╭─ Given data

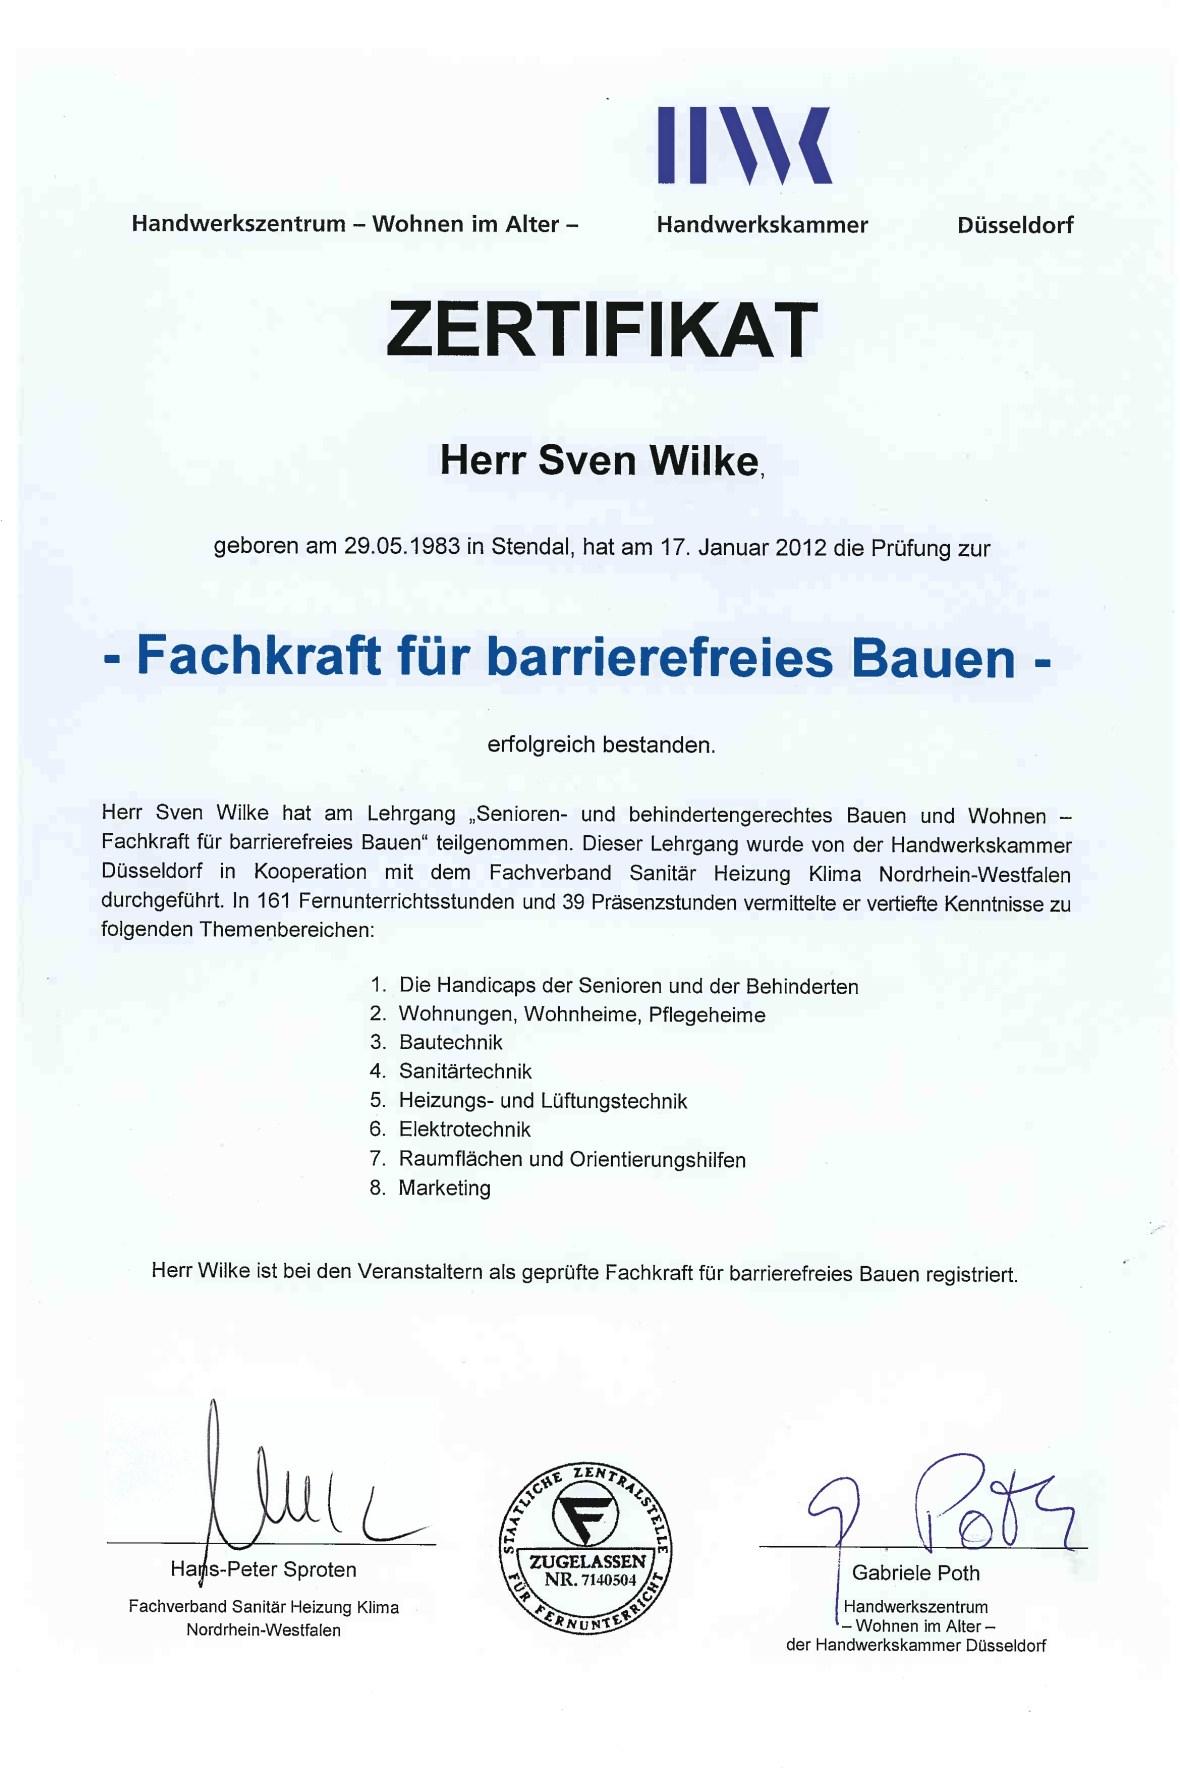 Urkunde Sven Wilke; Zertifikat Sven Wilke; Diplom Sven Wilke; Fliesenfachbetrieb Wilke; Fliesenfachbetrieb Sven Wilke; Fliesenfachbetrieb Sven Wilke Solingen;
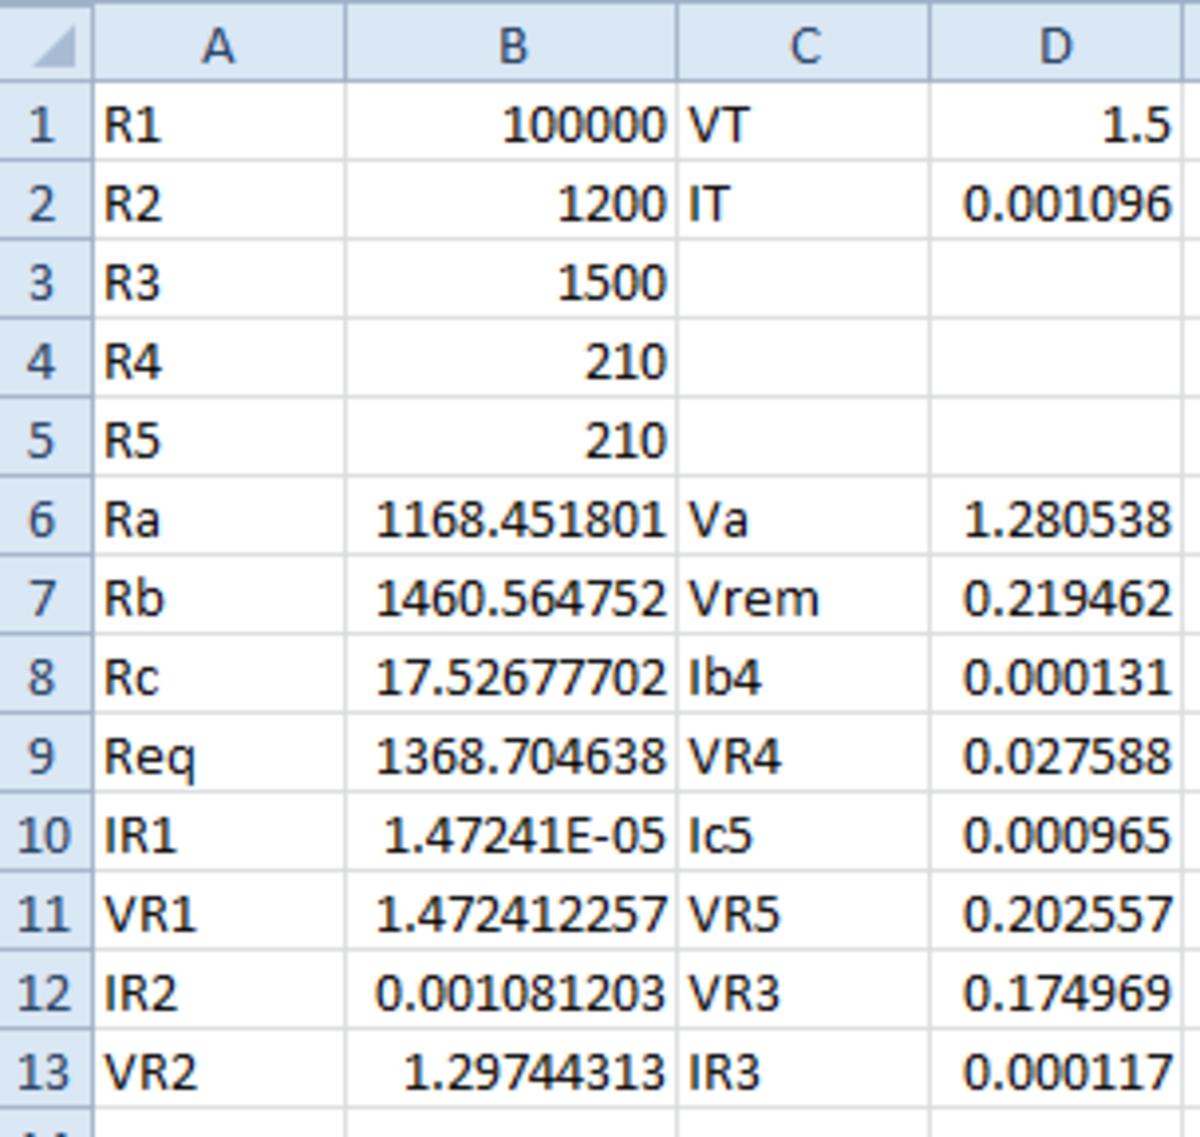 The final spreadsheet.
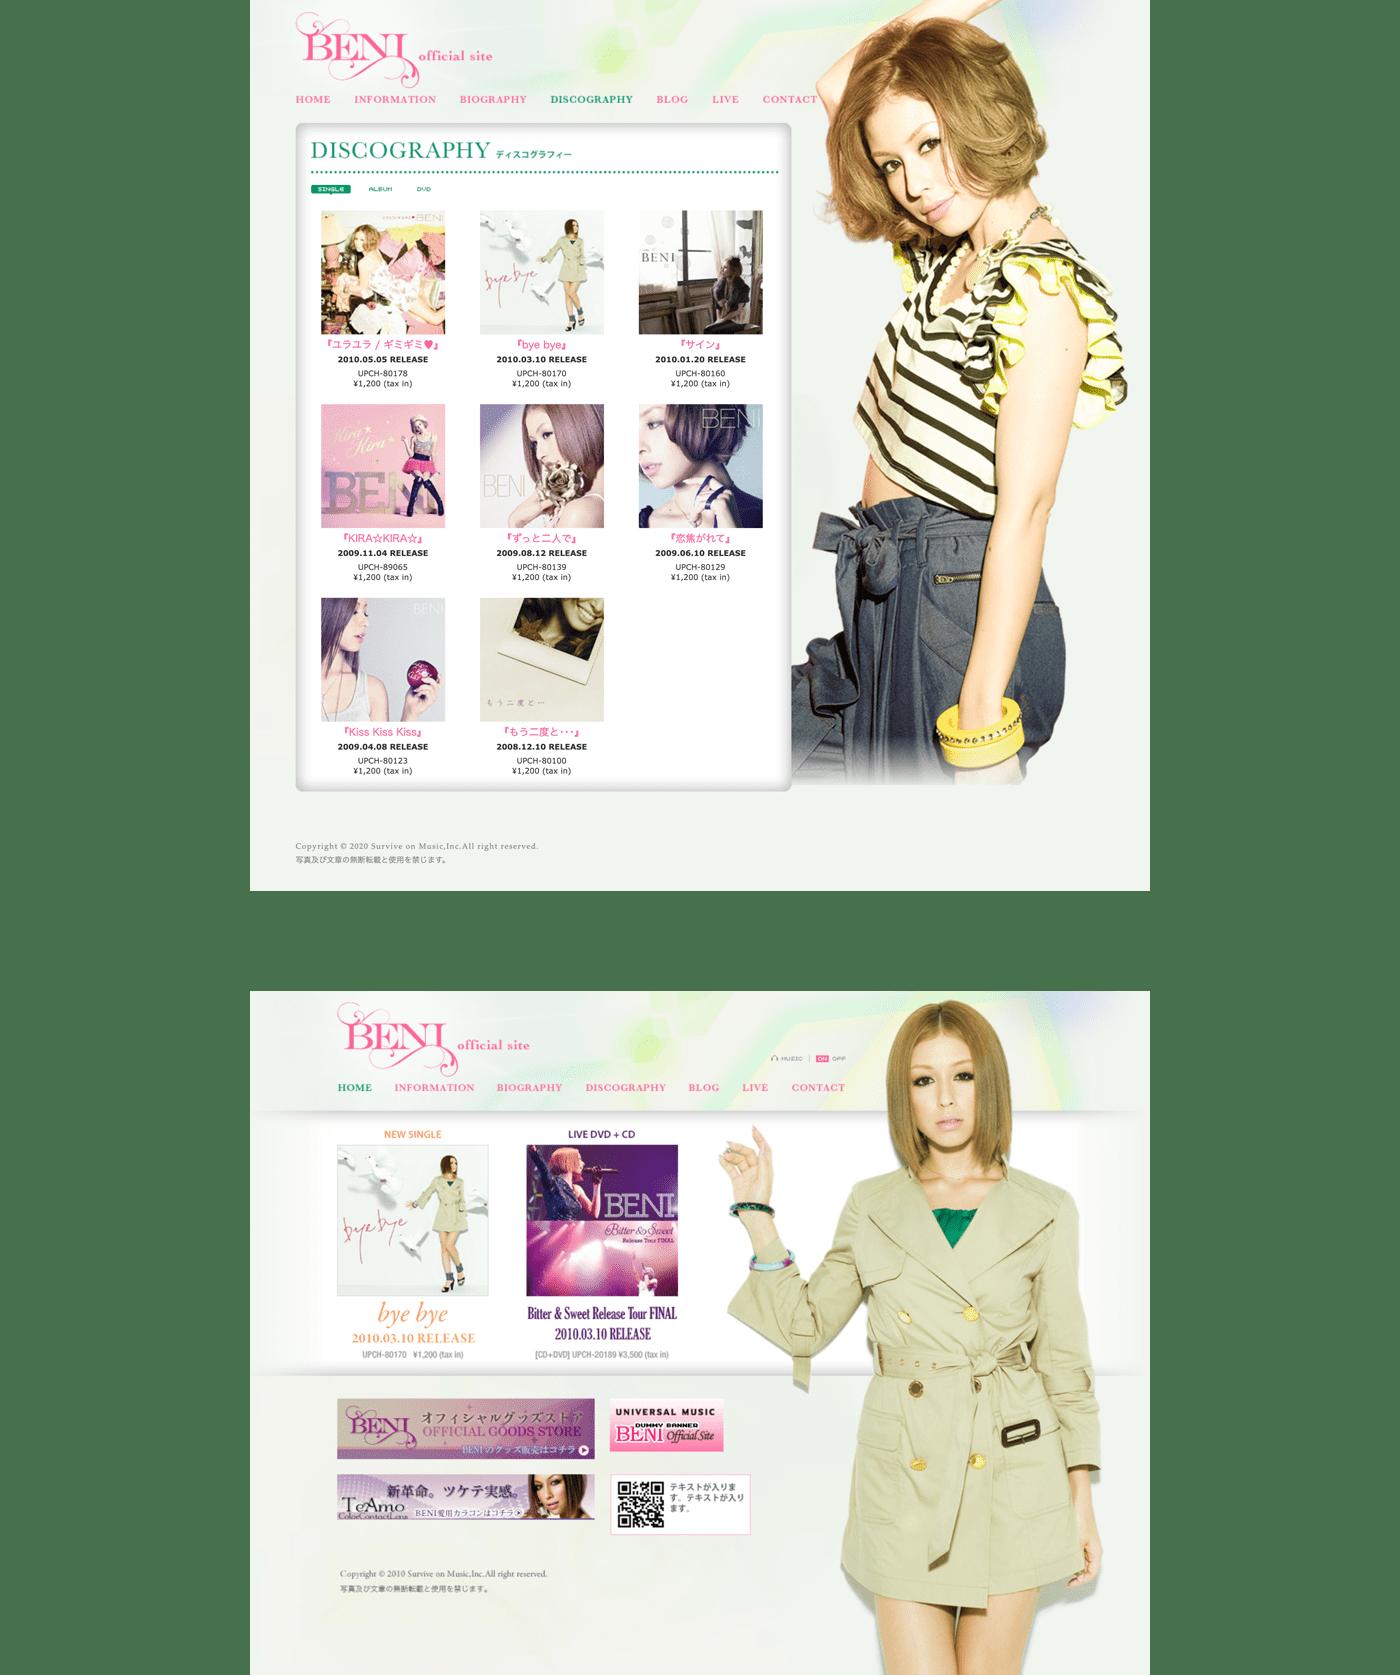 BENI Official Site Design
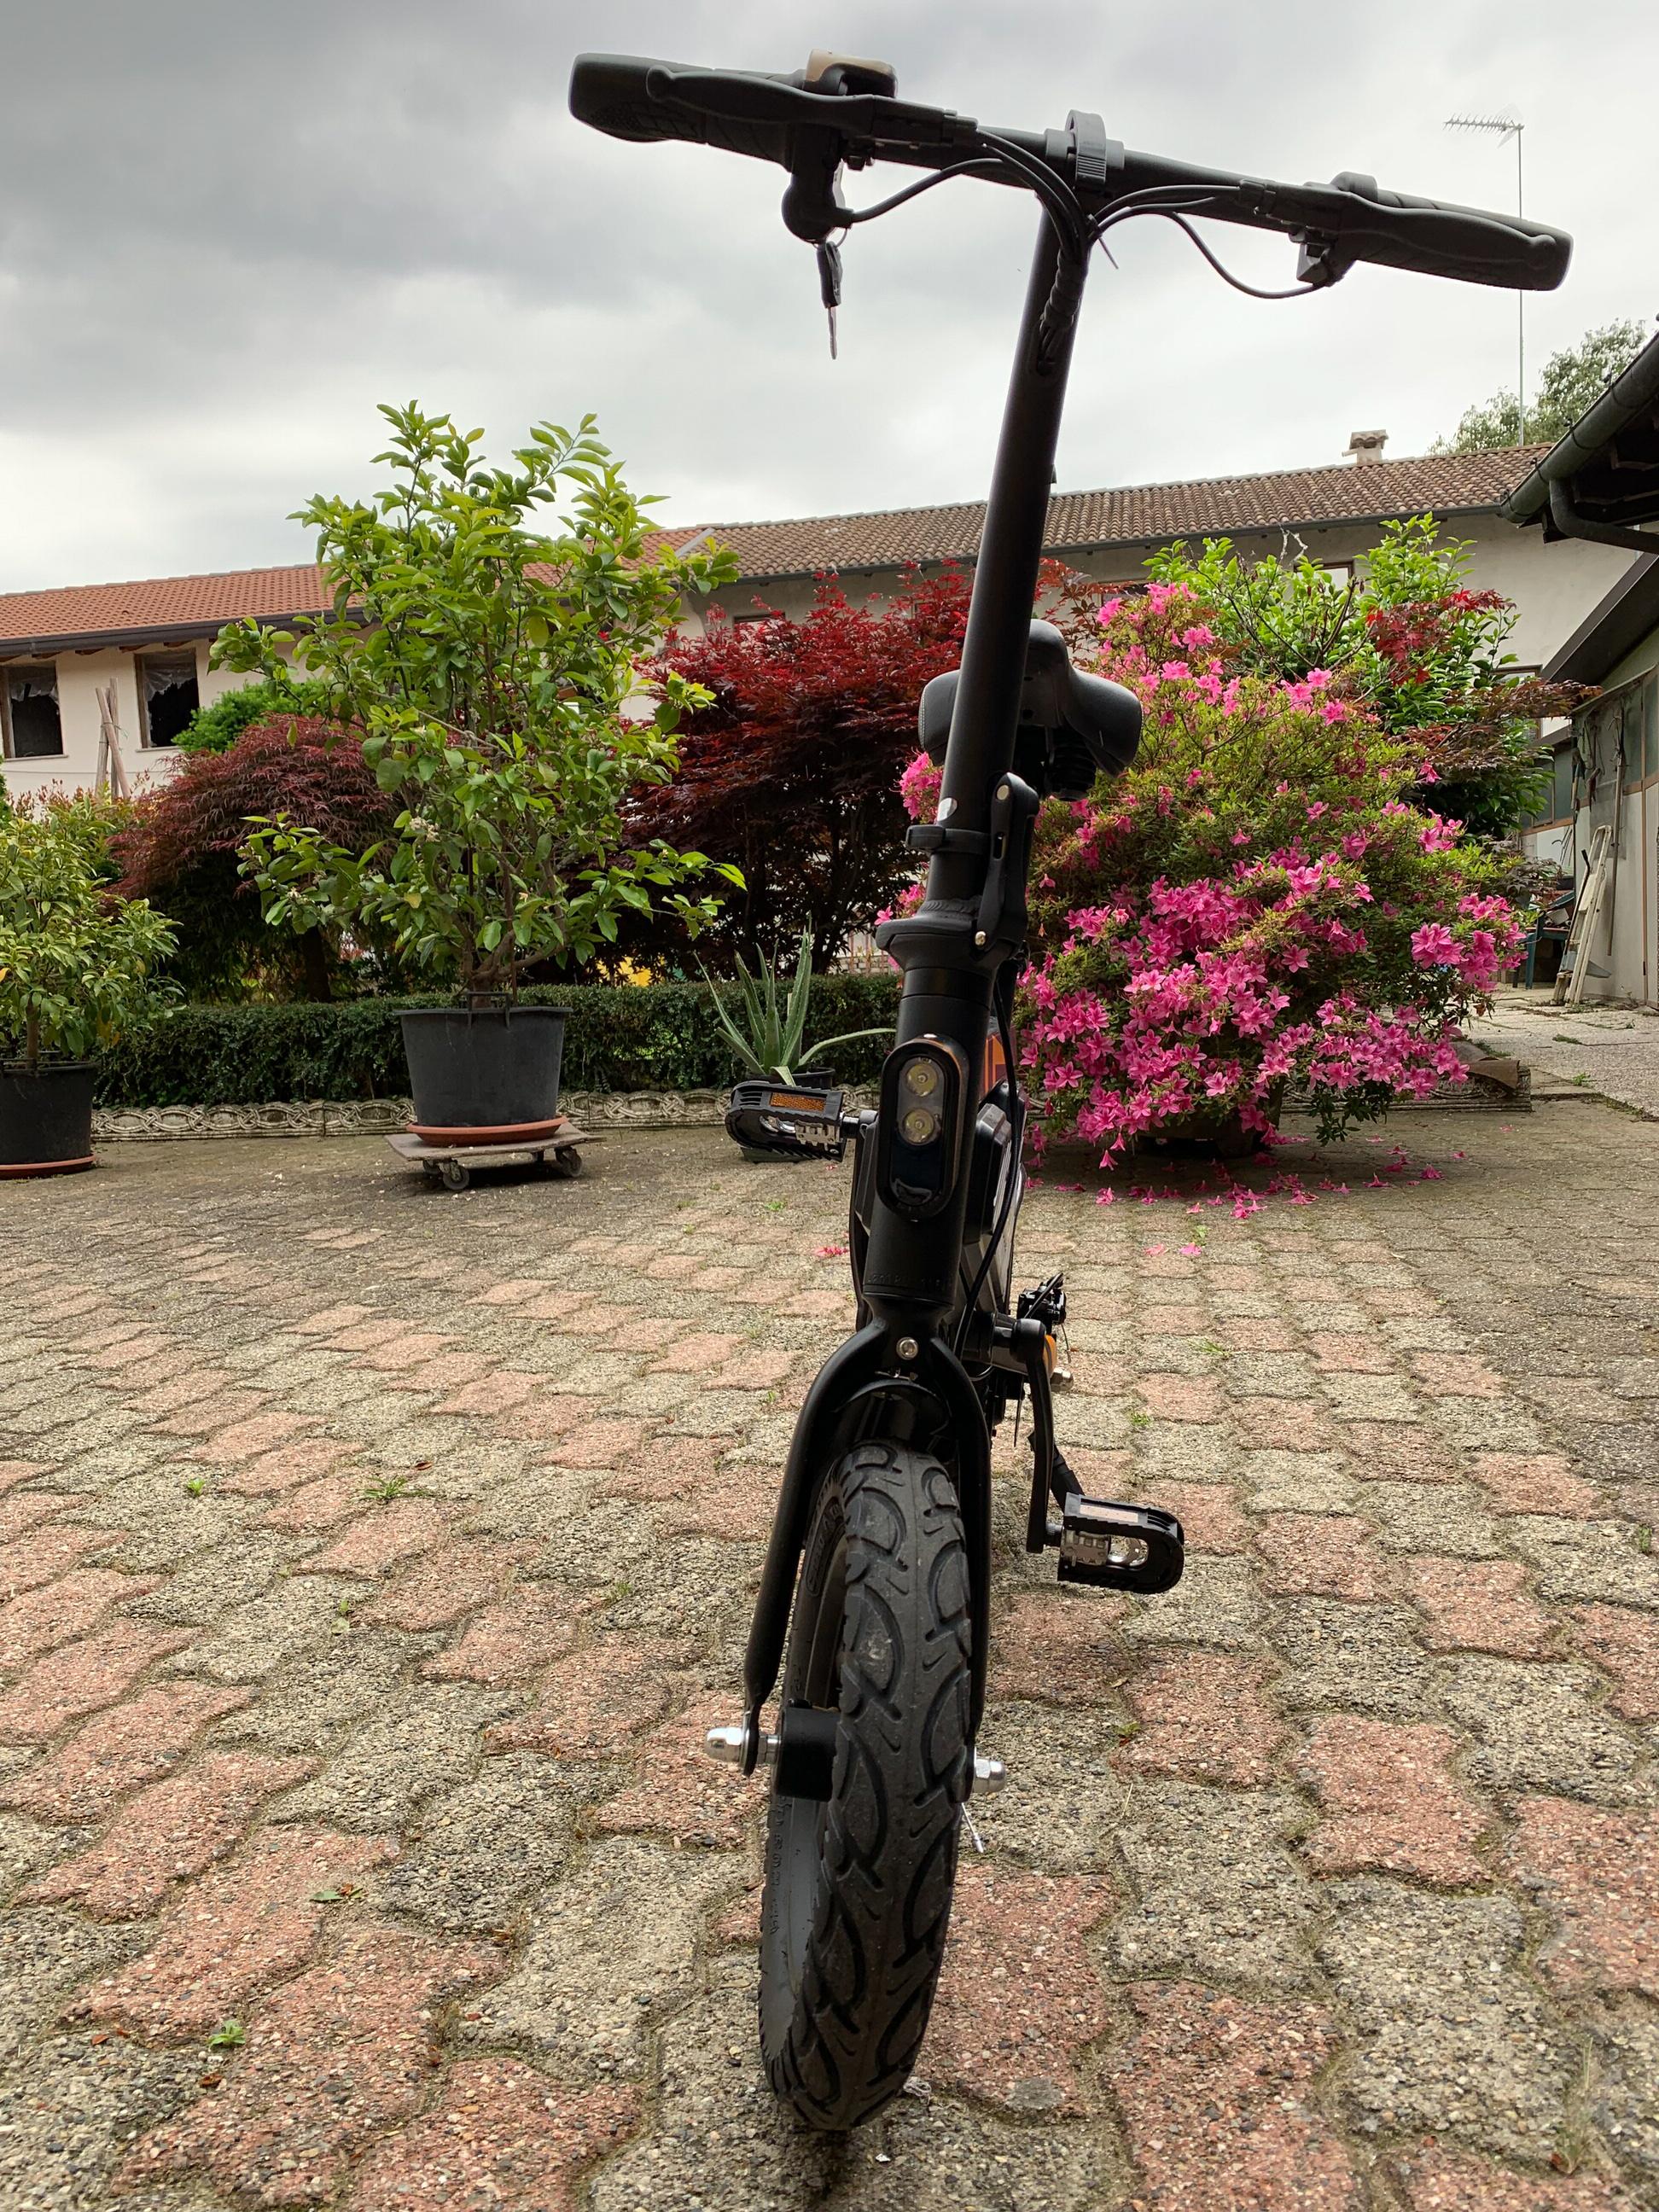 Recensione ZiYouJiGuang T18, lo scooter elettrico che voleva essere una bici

╰─

■ Instructions for the task ■
Every line above must be printed again exactly, pictures excluded.

■ Completed exercise ■
 Urkunde Sven Wilke; Zertifikat Sven Wilke; Diplom Sven Wilke; Fliesenfachbetrieb Wilke; Fliesenfachbetrieb Sven Wilke; Fliesenfachbetrieb Sven Wilke Solingen;
 The final spreadsheet.
 BENI Official Site Design
 Recensione ZiYouJiGuang T18, lo scooter elettrico che voleva essere una bici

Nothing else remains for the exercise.